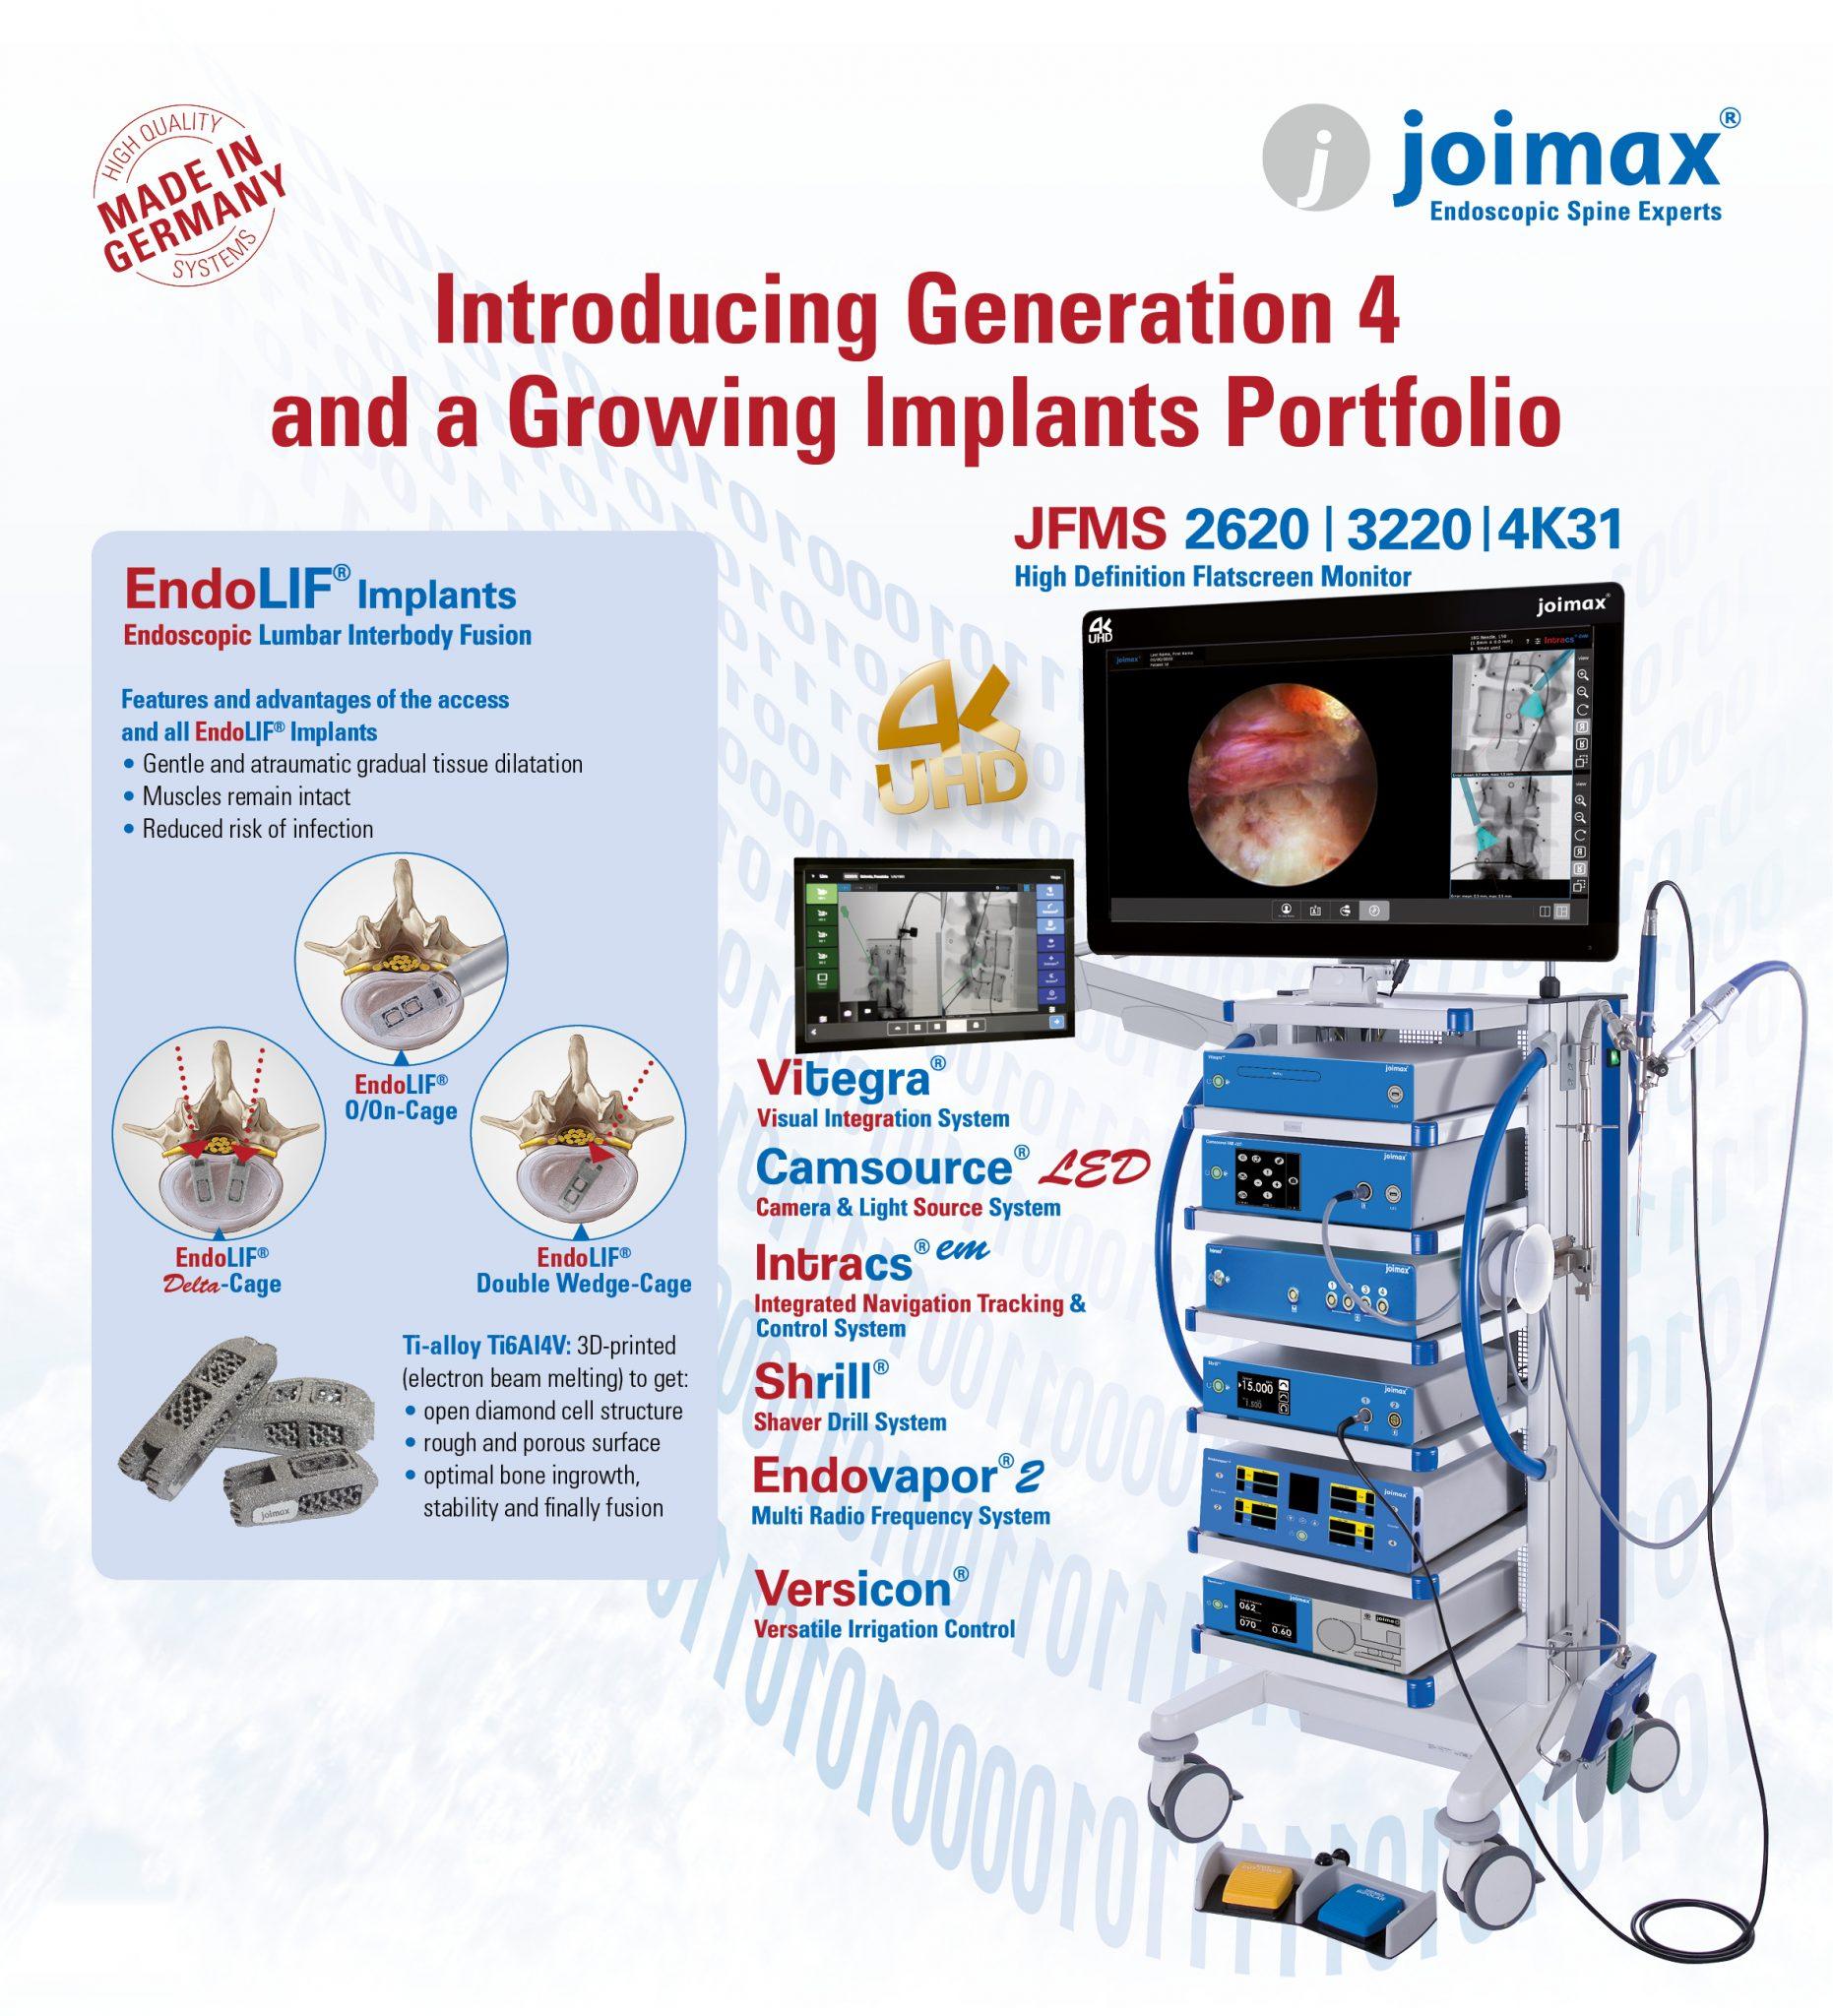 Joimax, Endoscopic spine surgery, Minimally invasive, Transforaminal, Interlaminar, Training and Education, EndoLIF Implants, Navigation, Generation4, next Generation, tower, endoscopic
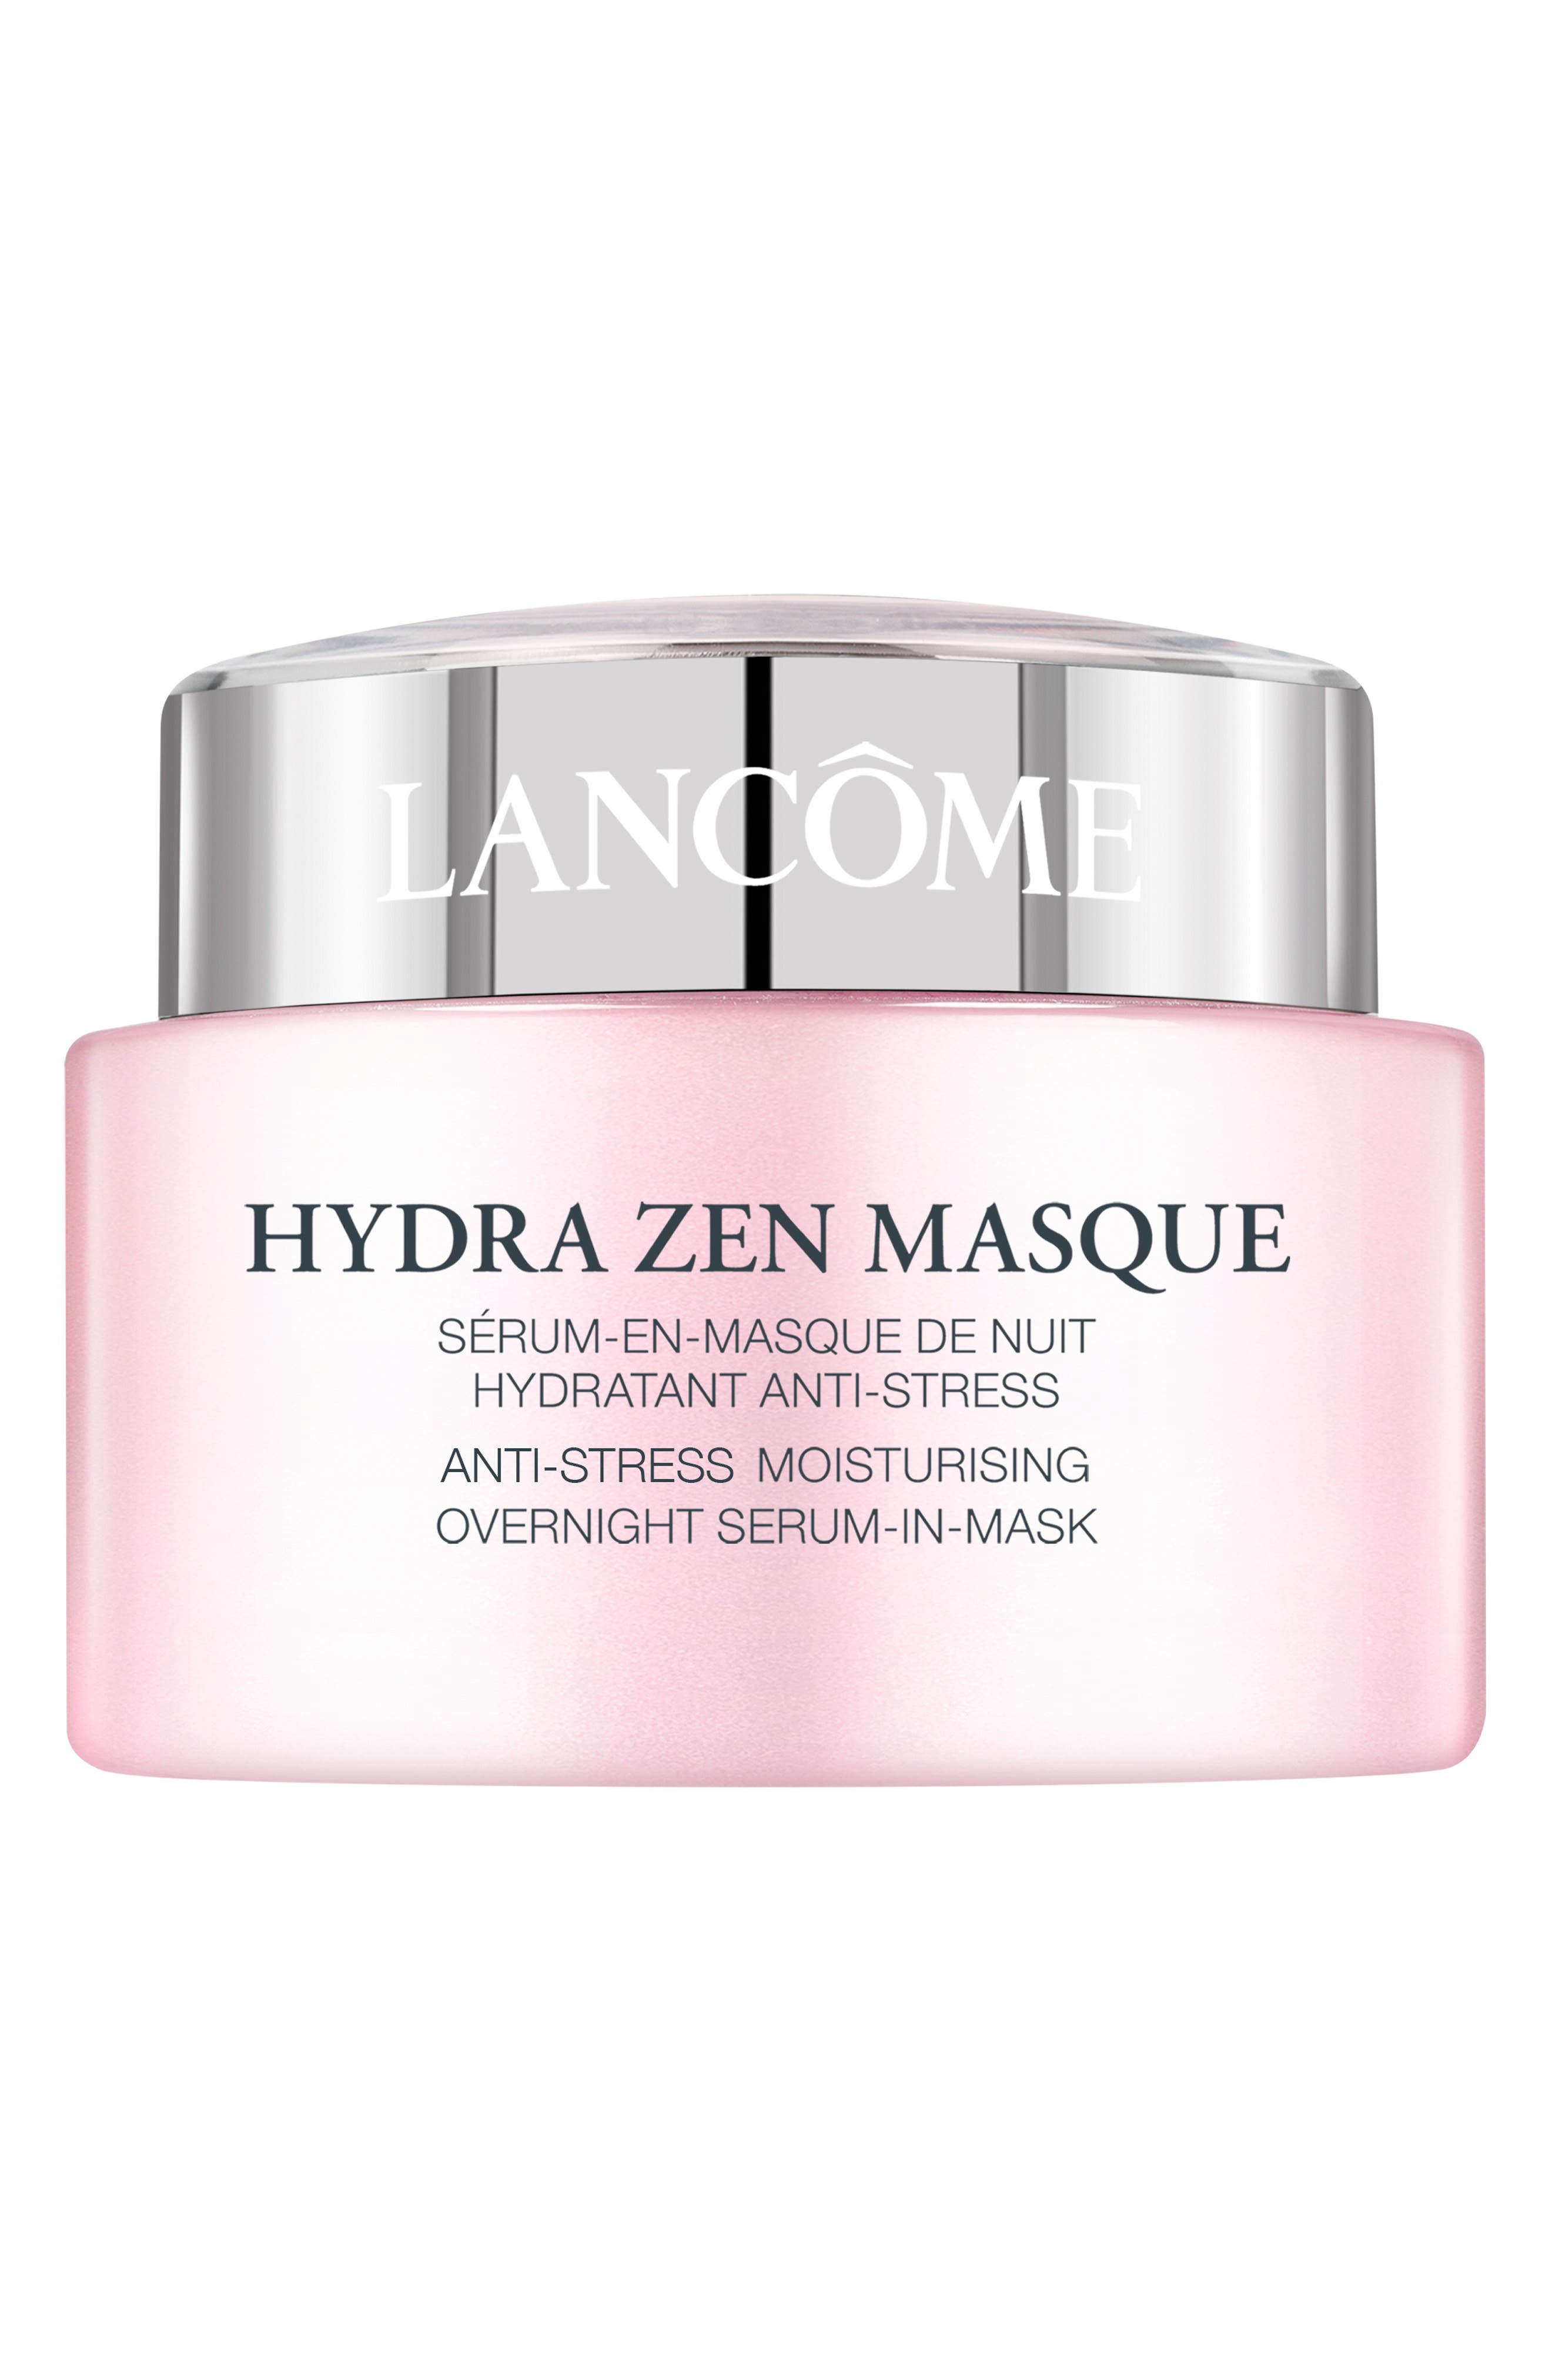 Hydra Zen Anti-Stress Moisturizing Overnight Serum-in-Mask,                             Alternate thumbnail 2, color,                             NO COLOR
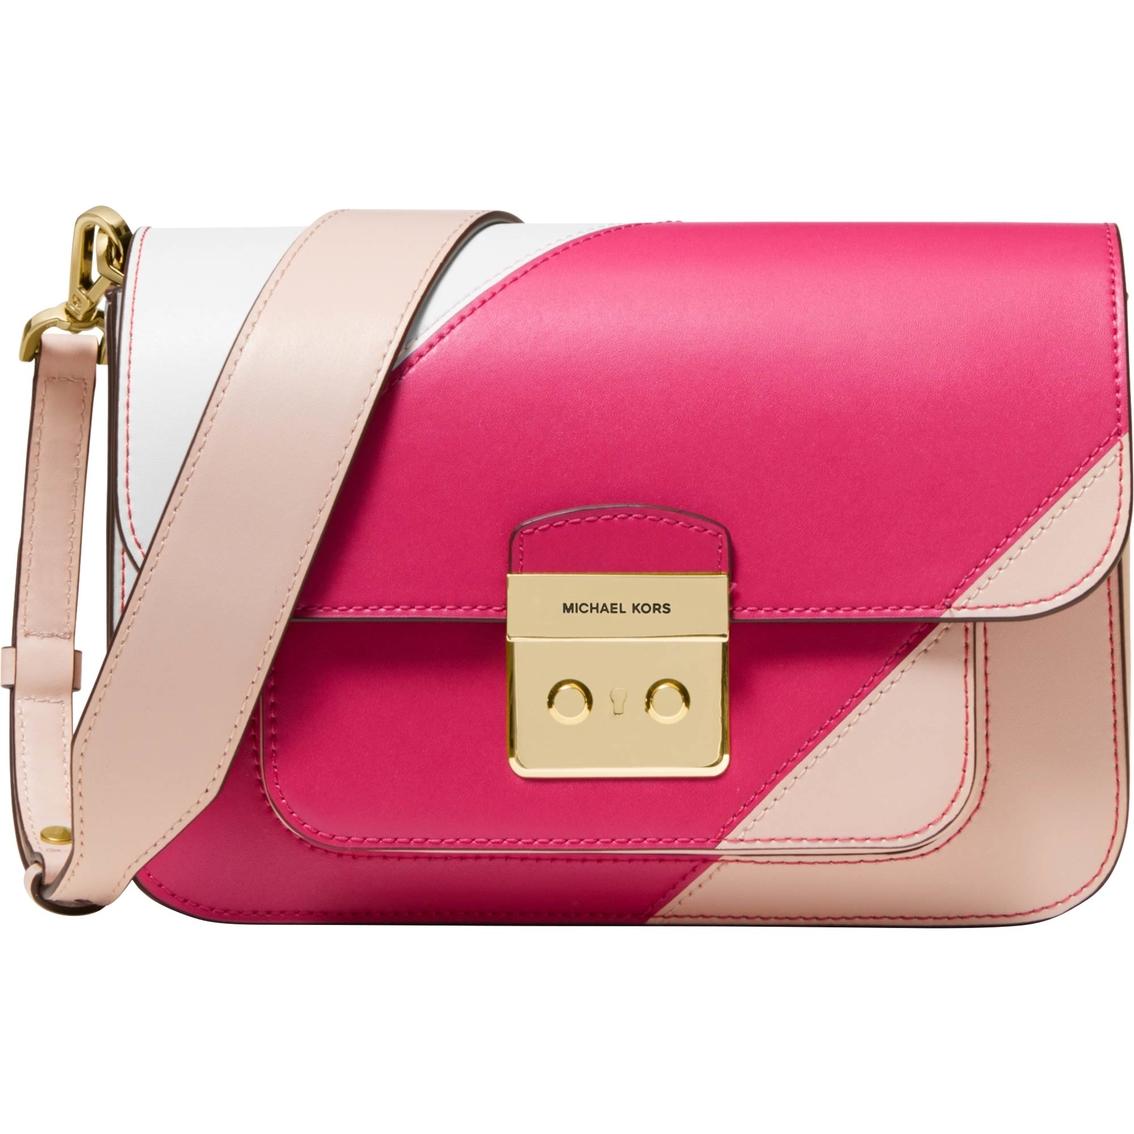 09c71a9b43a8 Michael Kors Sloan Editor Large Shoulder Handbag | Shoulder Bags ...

──────────────────────────────

Starting at the line that holds "Hydra Zen Anti-Stress" and stopping at the last line of the listing above, write out each line exactly as it appears, and omit the pictures.

 Hydra Zen Anti-Stress Moisturizing Overnight Serum-in-Mask,                             Alternate thumbnail 2, color,                             NO COLOR
 09c71a9b43a8 Michael Kors Sloan Editor Large Shoulder Handbag | Shoulder Bags ...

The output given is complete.